CAIRO (Reuters) - A U.S.-Syrian Islamic State militant who helped run an online media campaign disseminating jihadist material to sympathisers around the world from its self-declared caliphate has been killed in Syria, the group said.
Ahmad Abousamra was killed in early January when a missile struck a house where he was staying north of the Syrian city of Tabqa, according to Islamic State publications including the English language online magazine Rumiyah which he helped set up.
Abousamra, 35, was born in Paris but brought up in Boston, Massachusetts, where he studied computer science, Rumiyah said. He travelled to Yemen, Pakistan and Iraq before returning to the United States, but fled after his plans for an armed attack with two accomplices on U.S. soil were uncovered.

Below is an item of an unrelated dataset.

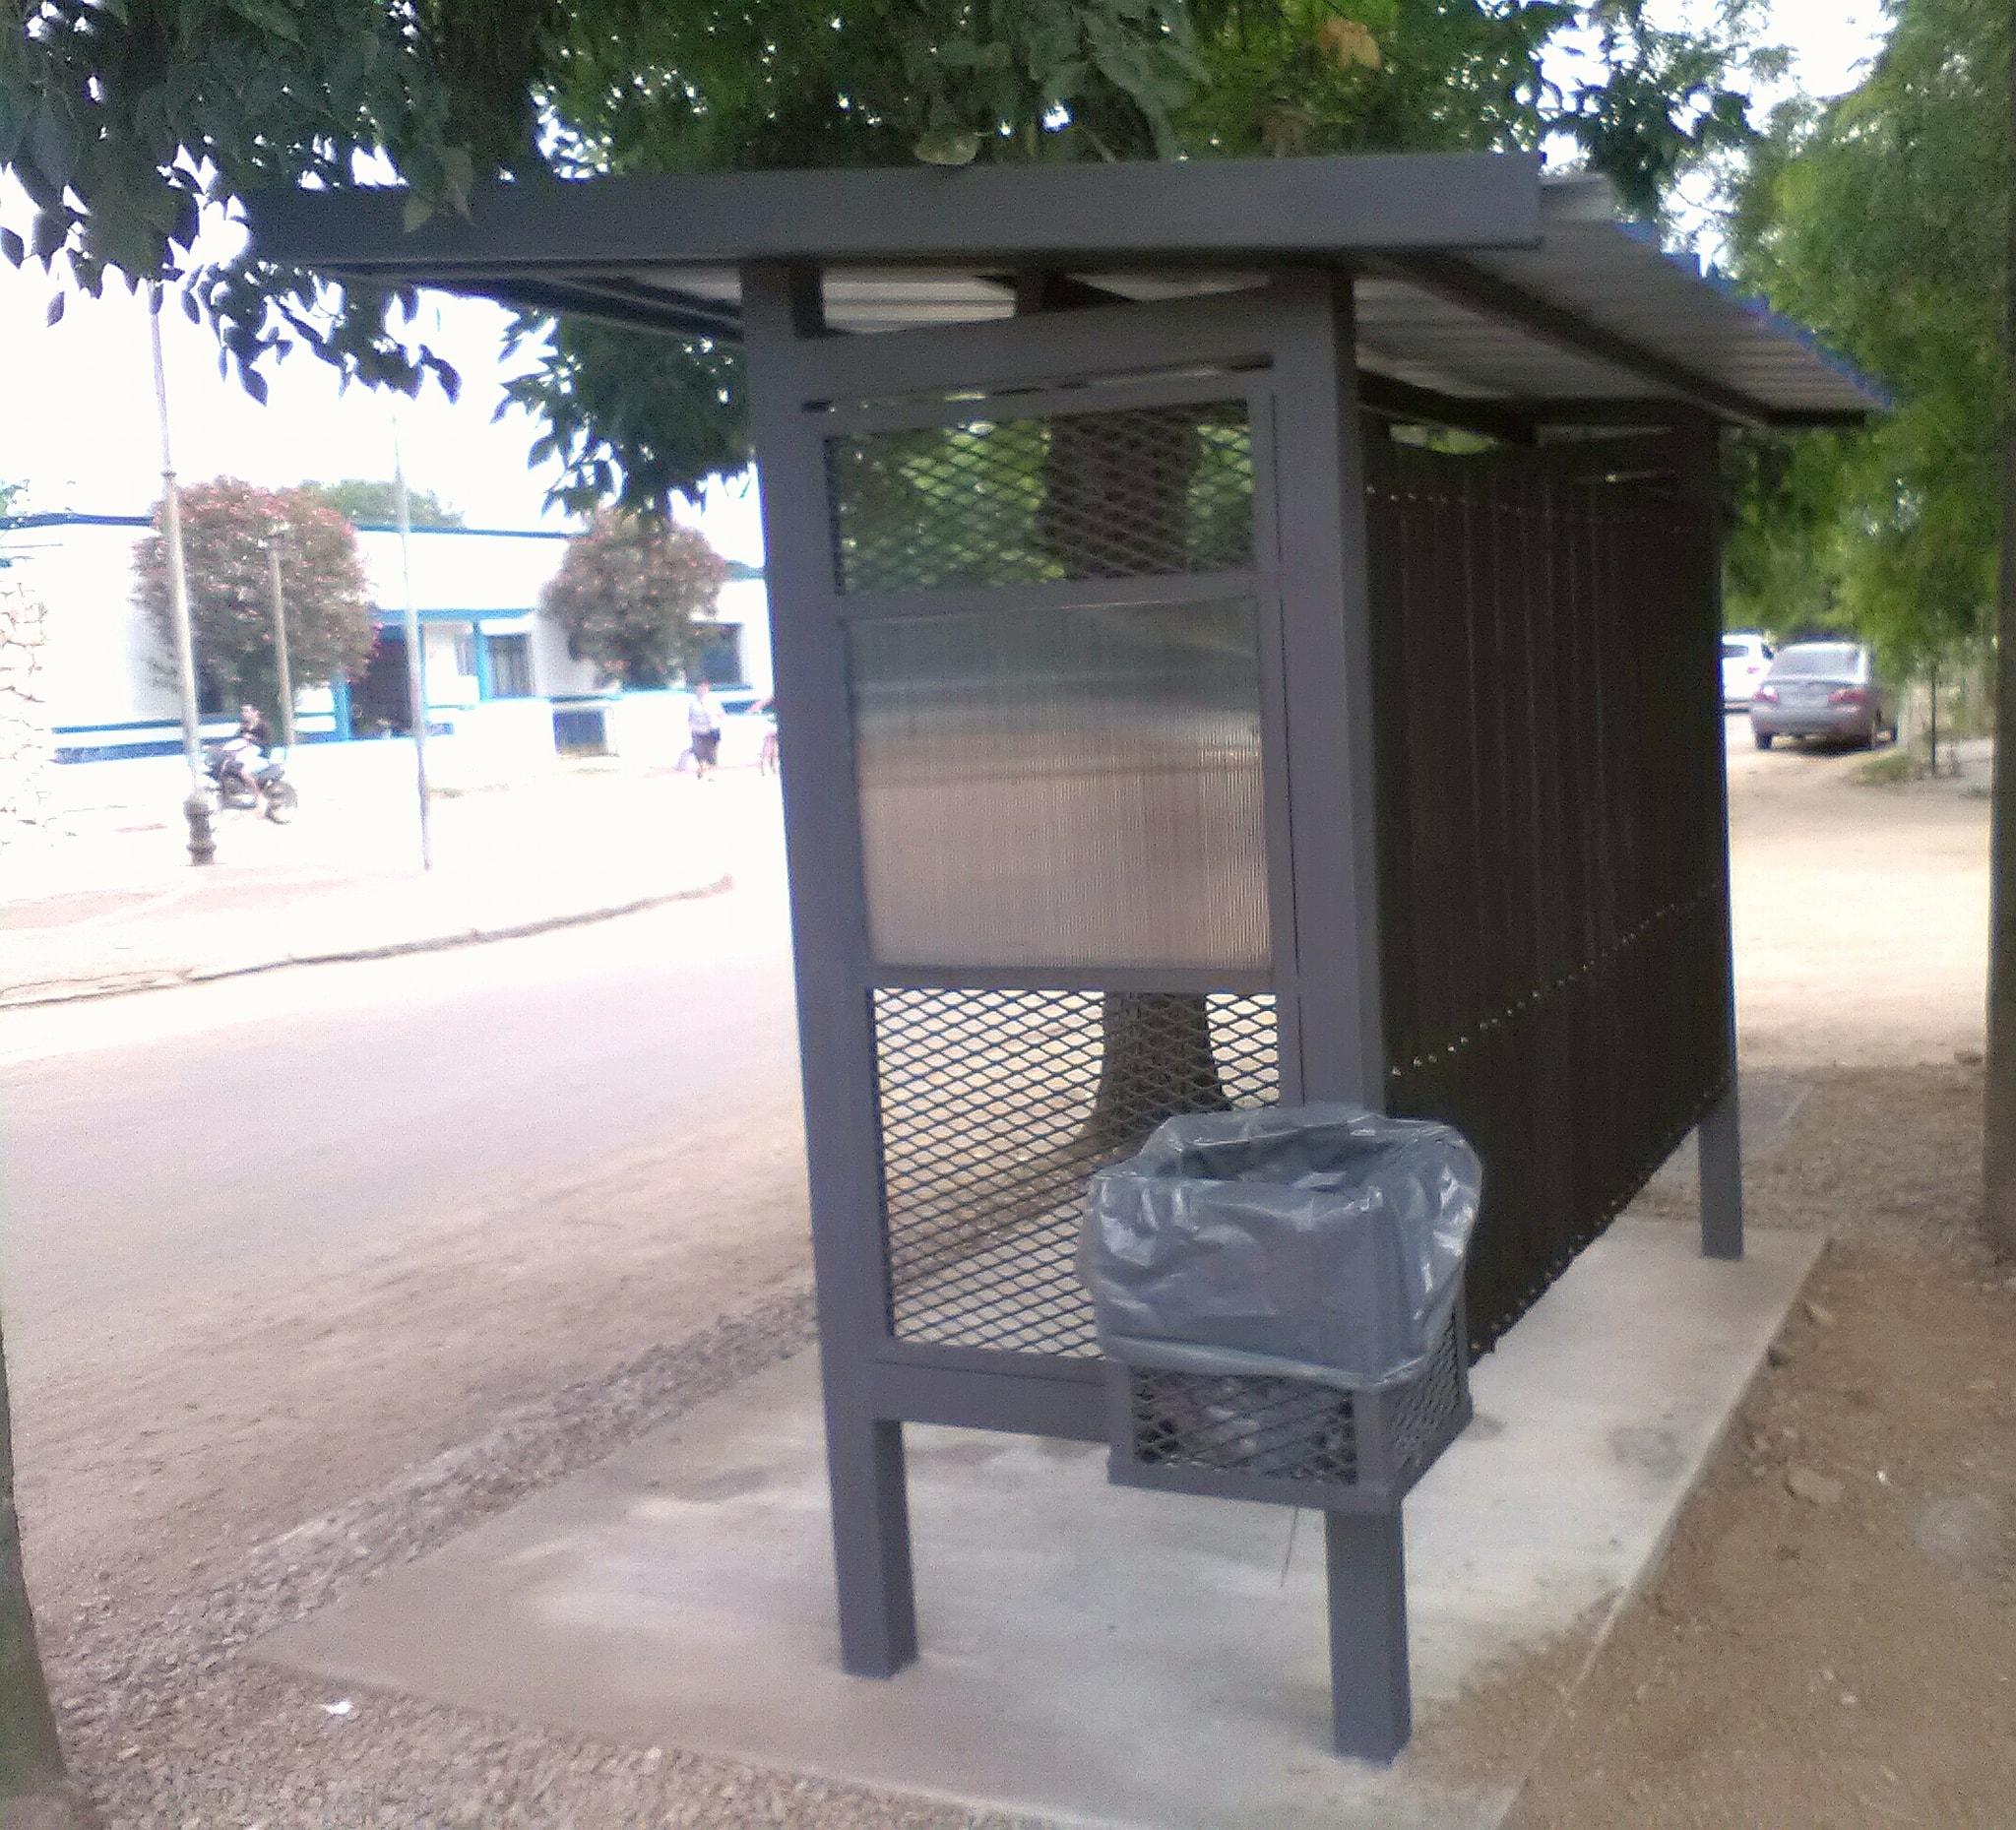 REFUGIOS EN PARADAS DE OMNIBUS

At the start of the Syrian conflict in 2011 he fought in the northern city of Aleppo, before joining the al Qaeda-affiliated Nusra Front, and then switching allegiance to Islamic State.
He helped set up publications including Dabiq, the Islamic State online magazine named after a village in Syria where an Islamic prophecy says a battle will be fought between Muslims and infidels, heralding doomsday. Islamic State fighters were driven from the village six months ago.
The FBI offered $50,000 for information leading to Abousamra's capture after he was charged with conspiracy to provide material support to terrorists, and conspiracy to kill in a foreign country.